(INSTRUCTIONS FOR THE TASK)
Please transcribe the listing that follows exactly; images are to be excluded.
== Segment start ==
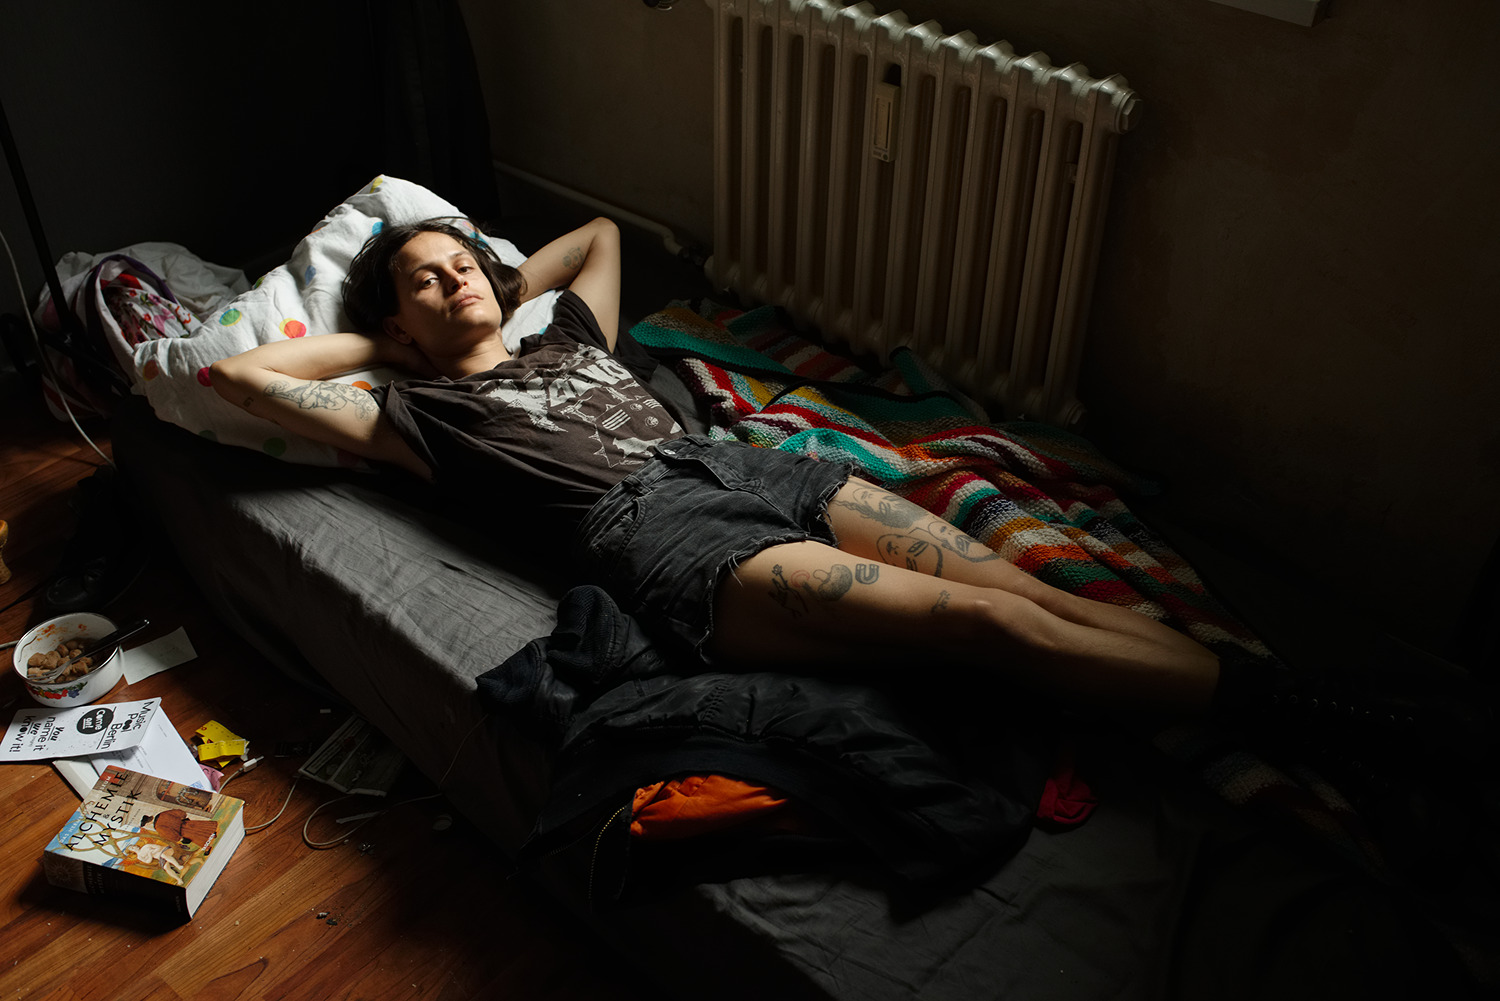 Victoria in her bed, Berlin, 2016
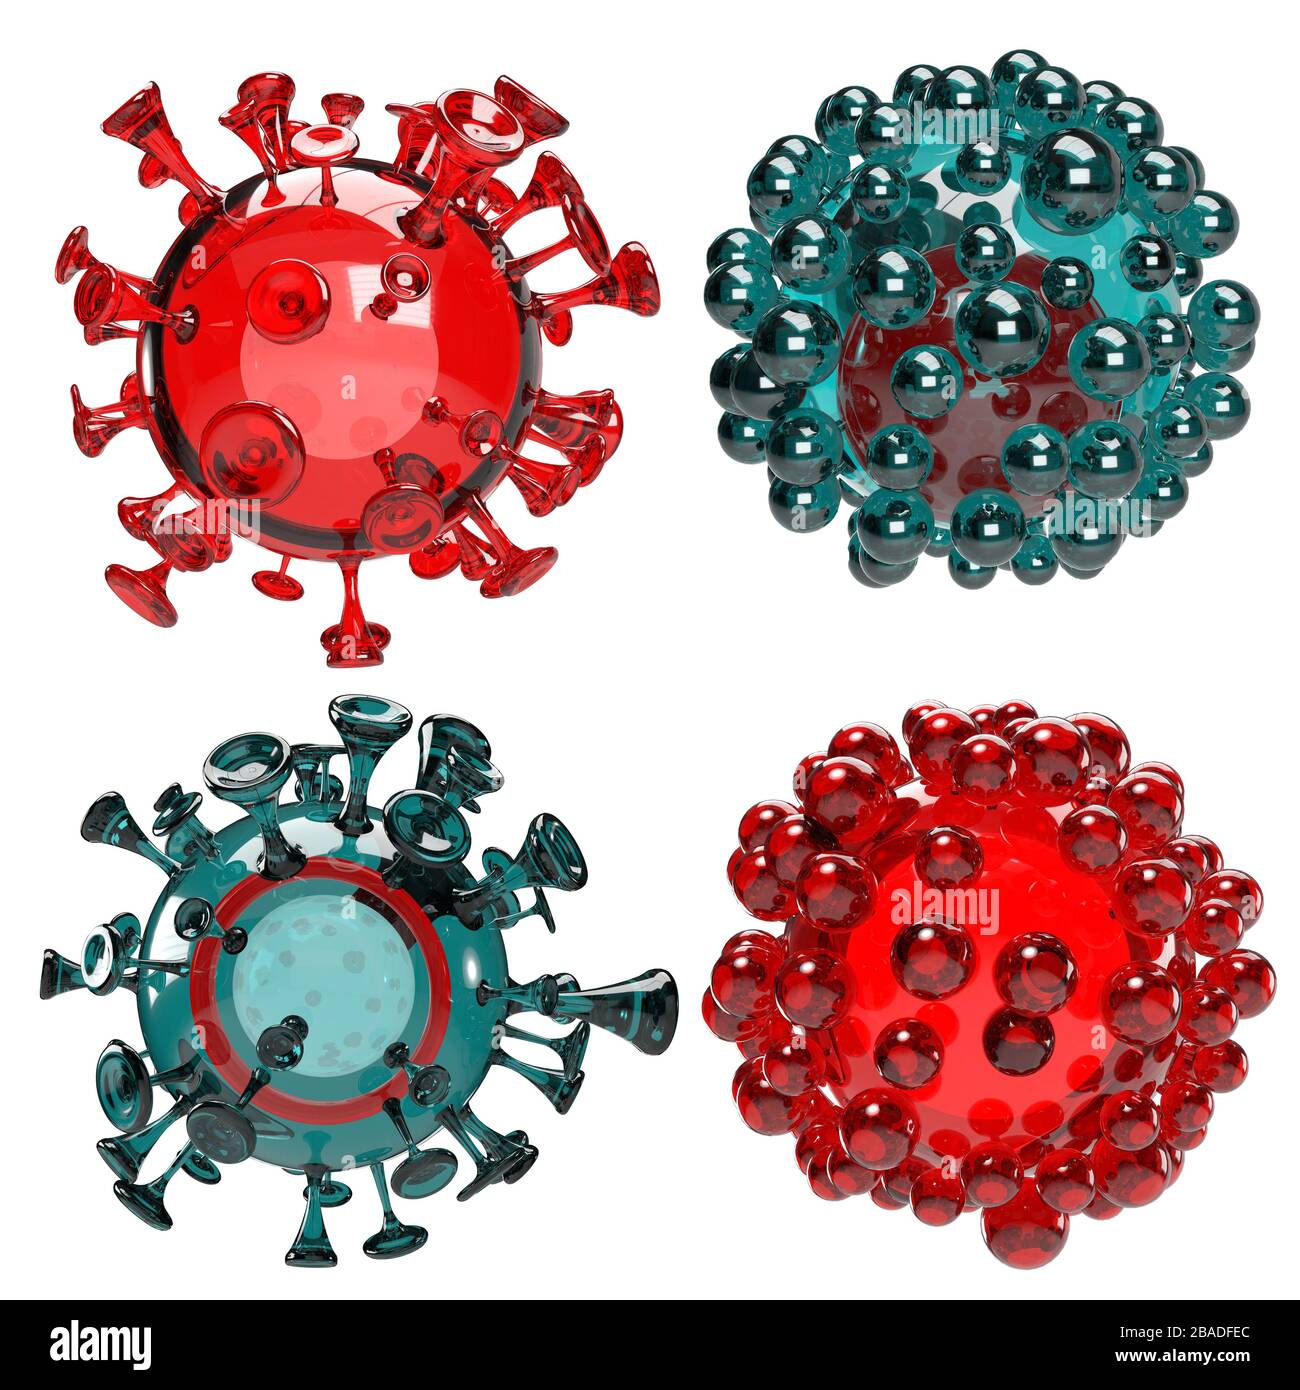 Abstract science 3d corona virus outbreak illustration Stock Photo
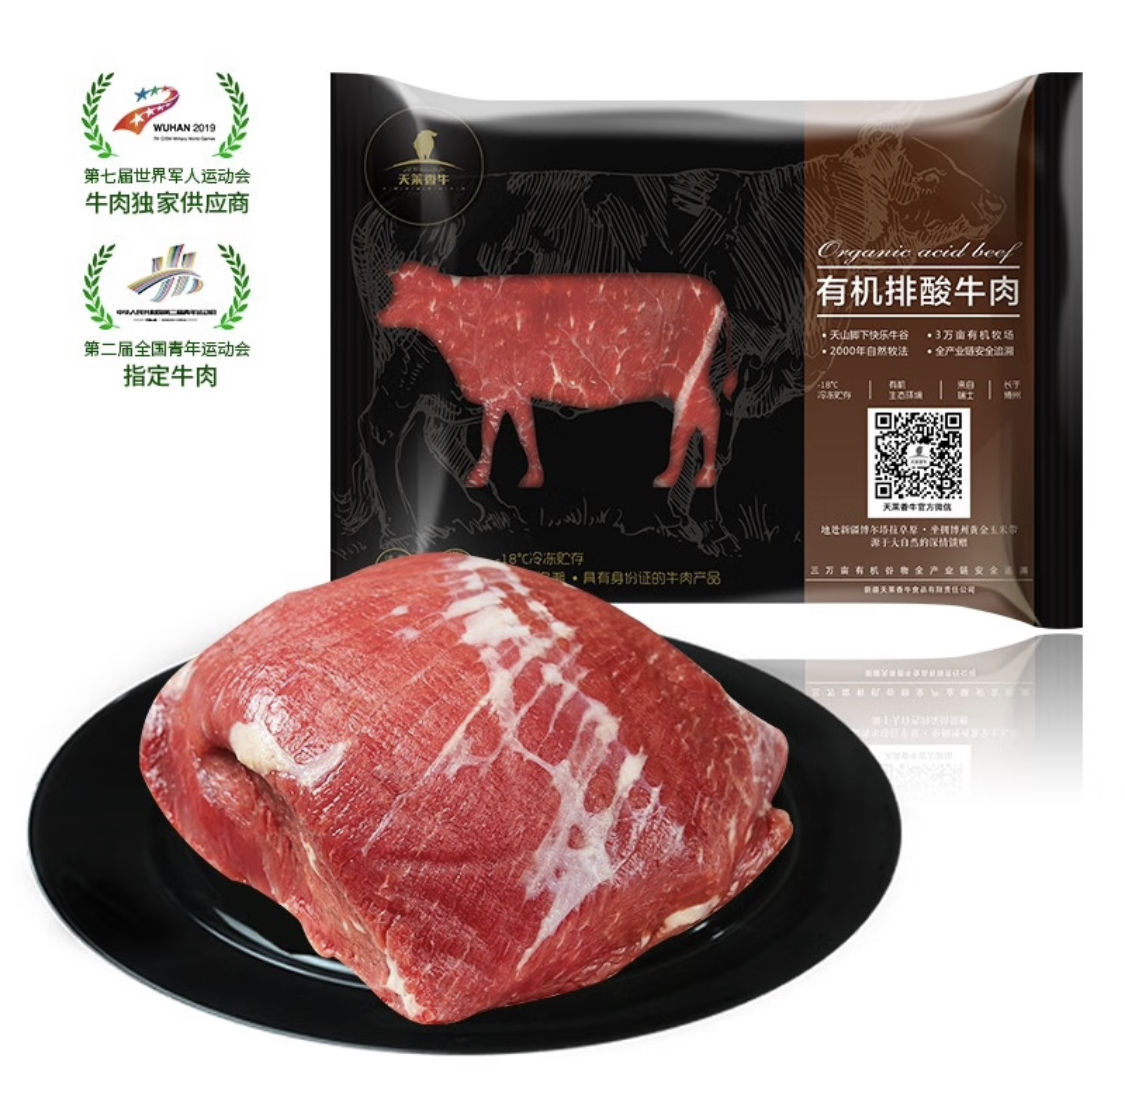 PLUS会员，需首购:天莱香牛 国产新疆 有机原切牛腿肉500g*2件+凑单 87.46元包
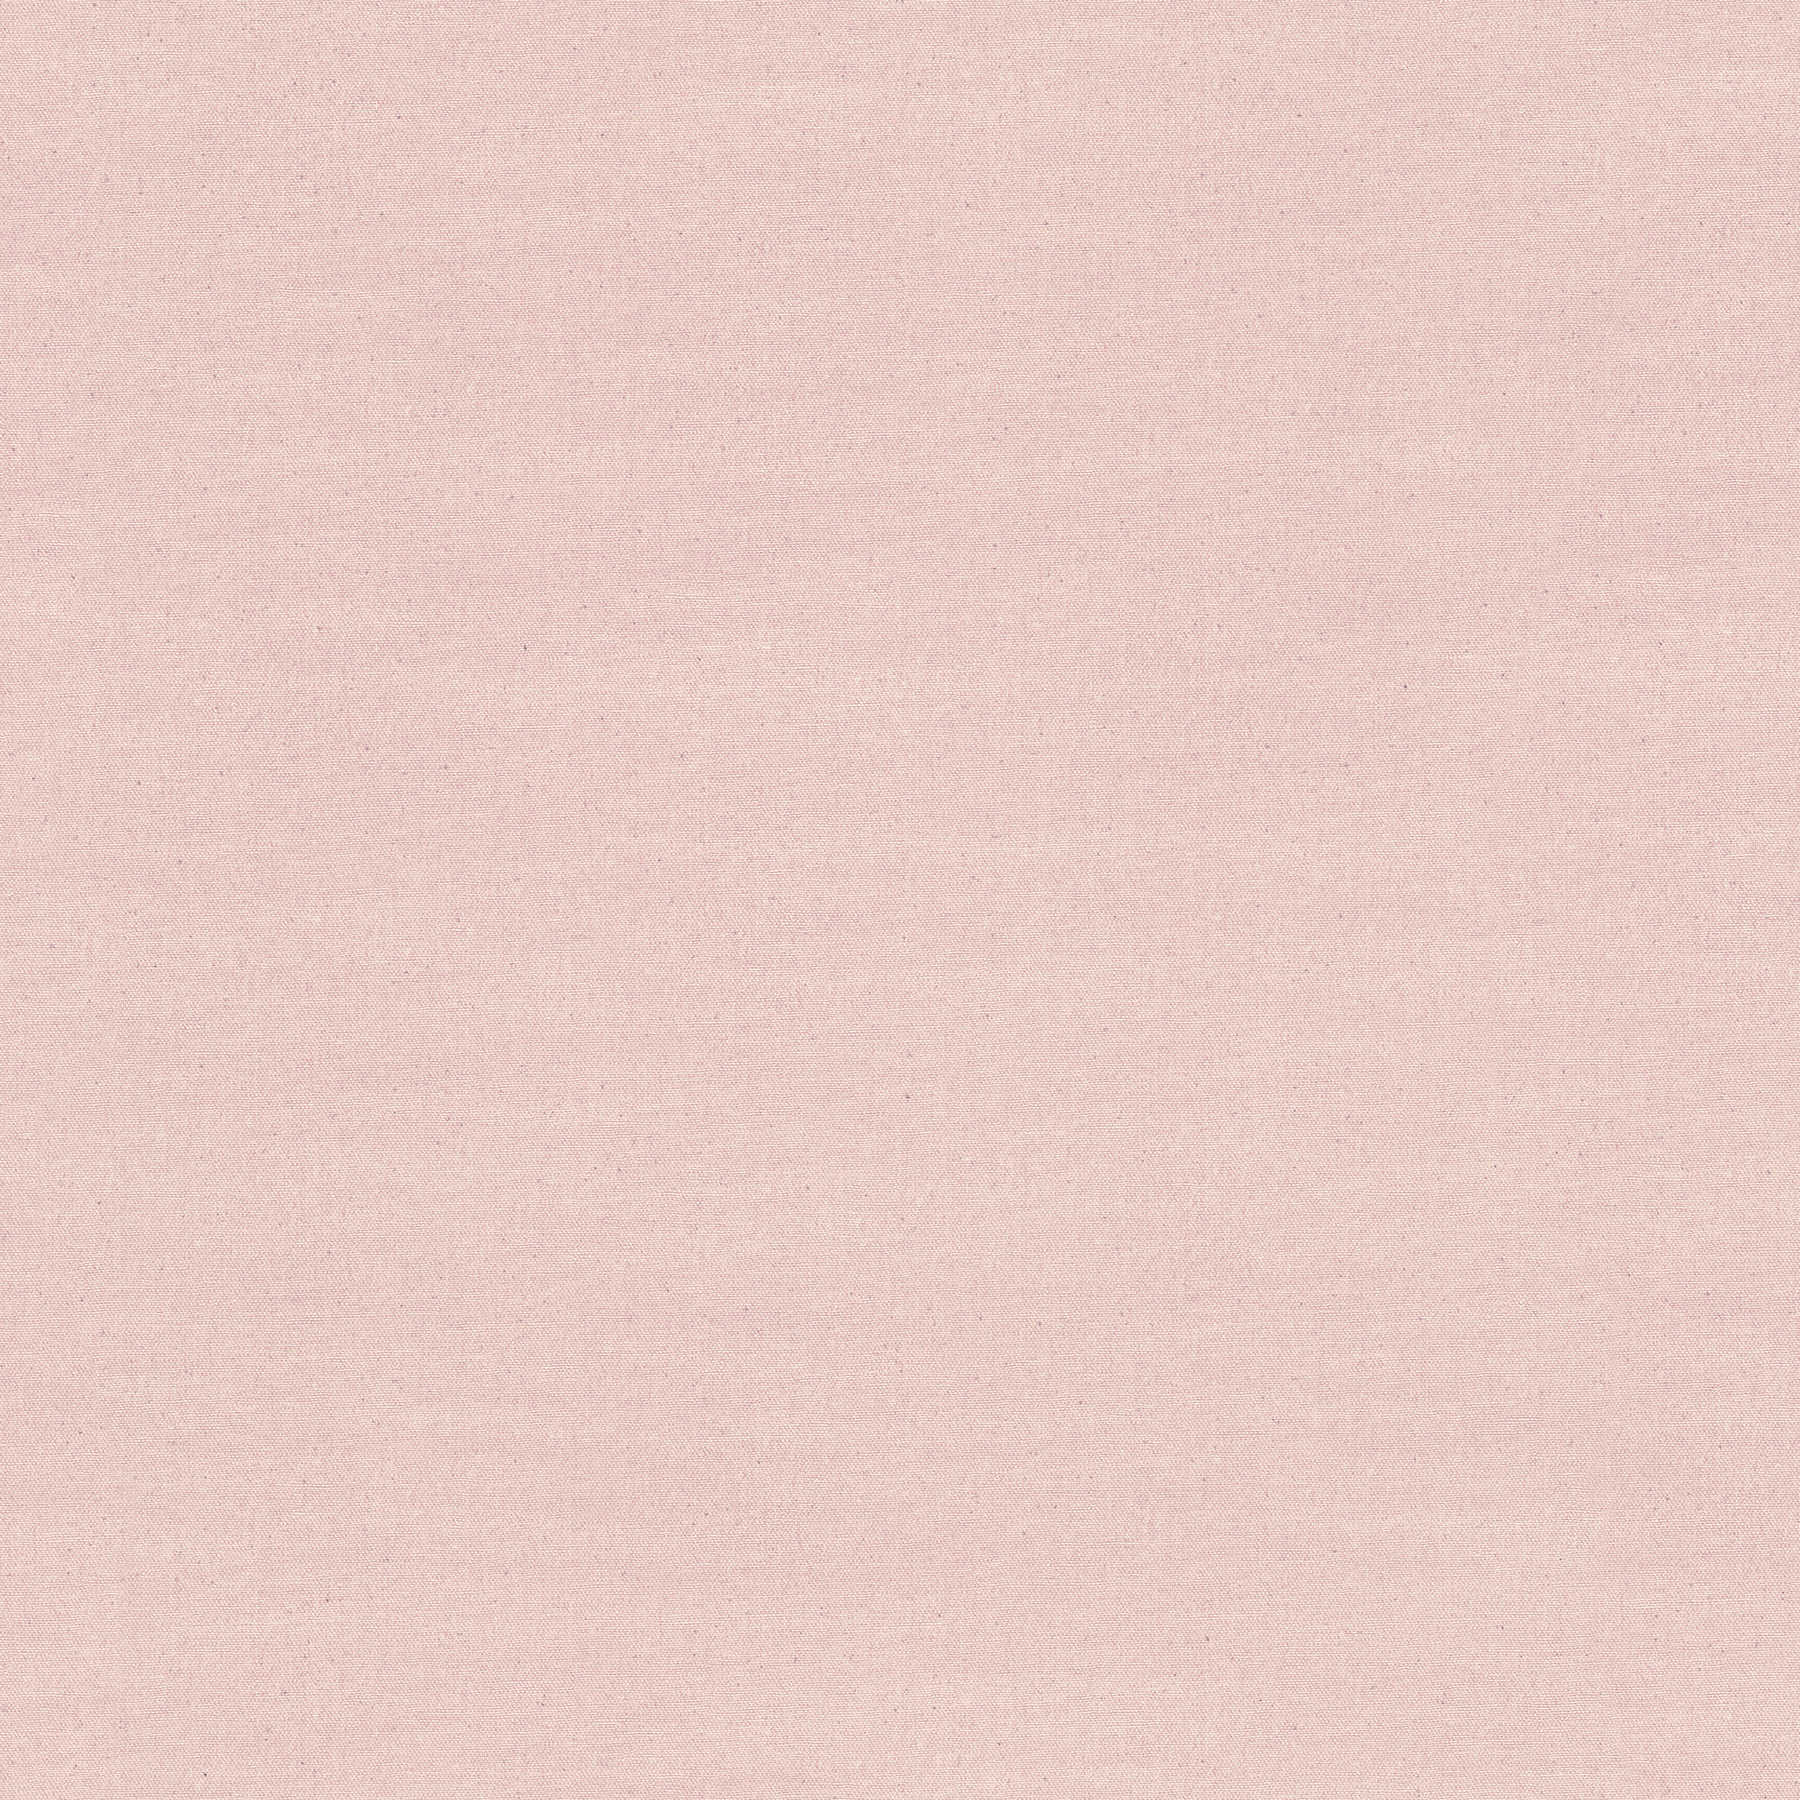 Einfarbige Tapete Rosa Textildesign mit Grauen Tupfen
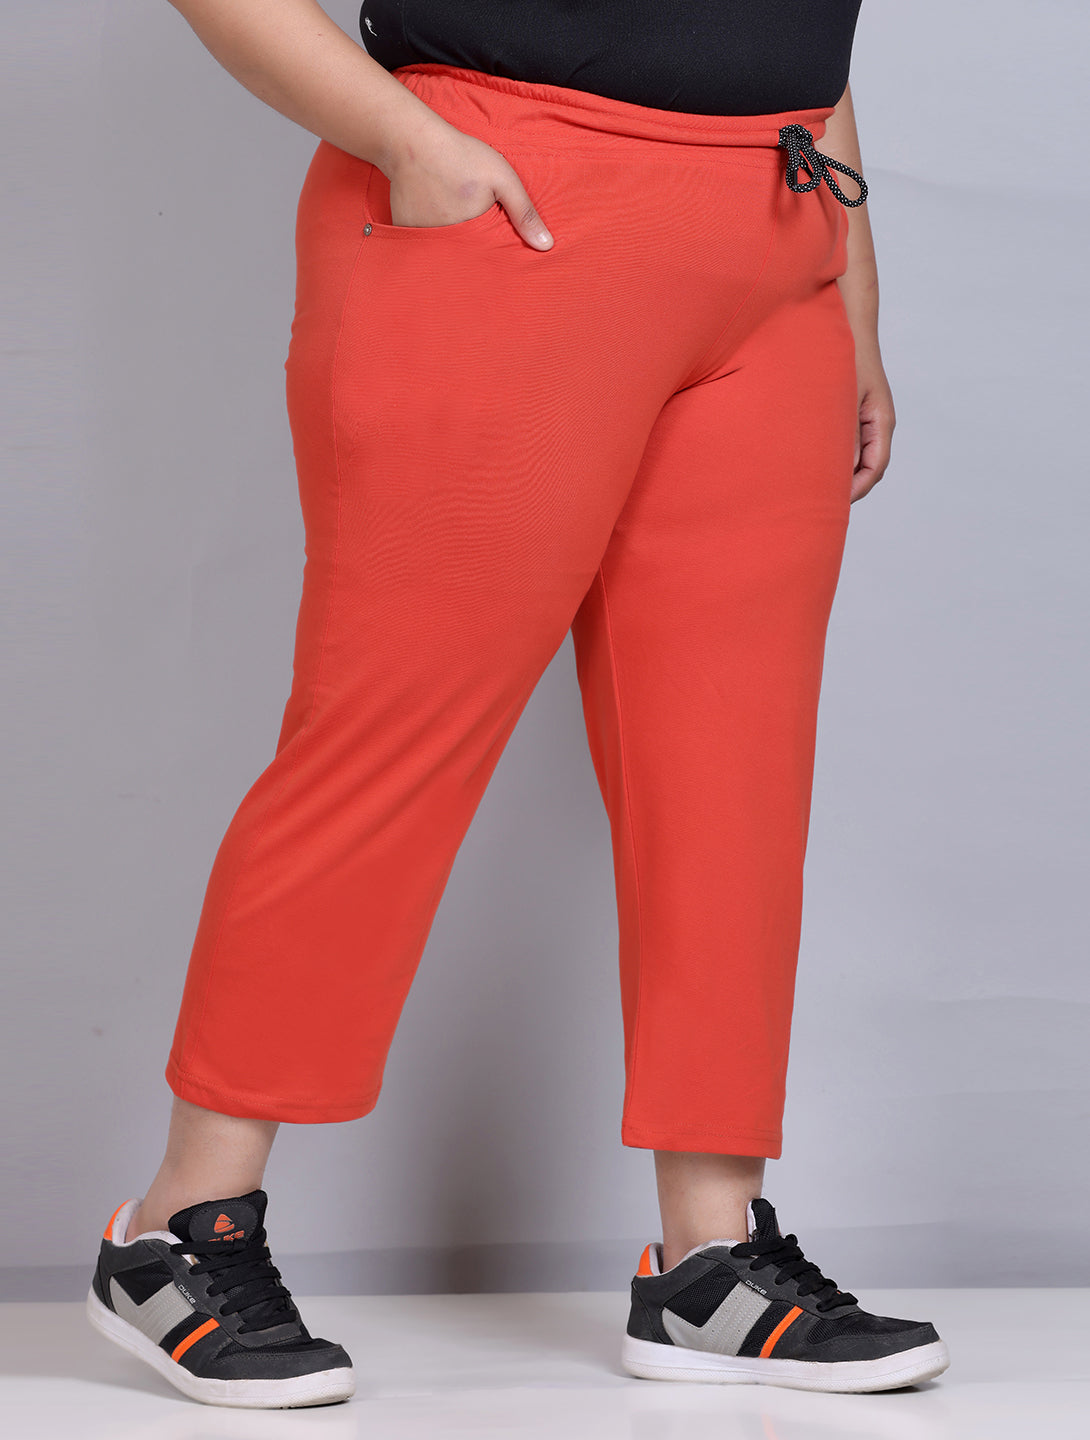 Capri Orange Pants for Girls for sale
== Segment end ==
(RESULT FOR THIS TASK)
 Victoria in her bed, Berlin, 2016
 Abstract science 3d corona virus outbreak illustration Stock Photo
 PLUS会员，需首购:天莱香牛 国产新疆 有机原切牛腿肉500g*2件+凑单 87.46元包
 Einfarbige Tapete Rosa Textildesign mit Grauen Tupfen
 Capri Orange Pants for Girls for sale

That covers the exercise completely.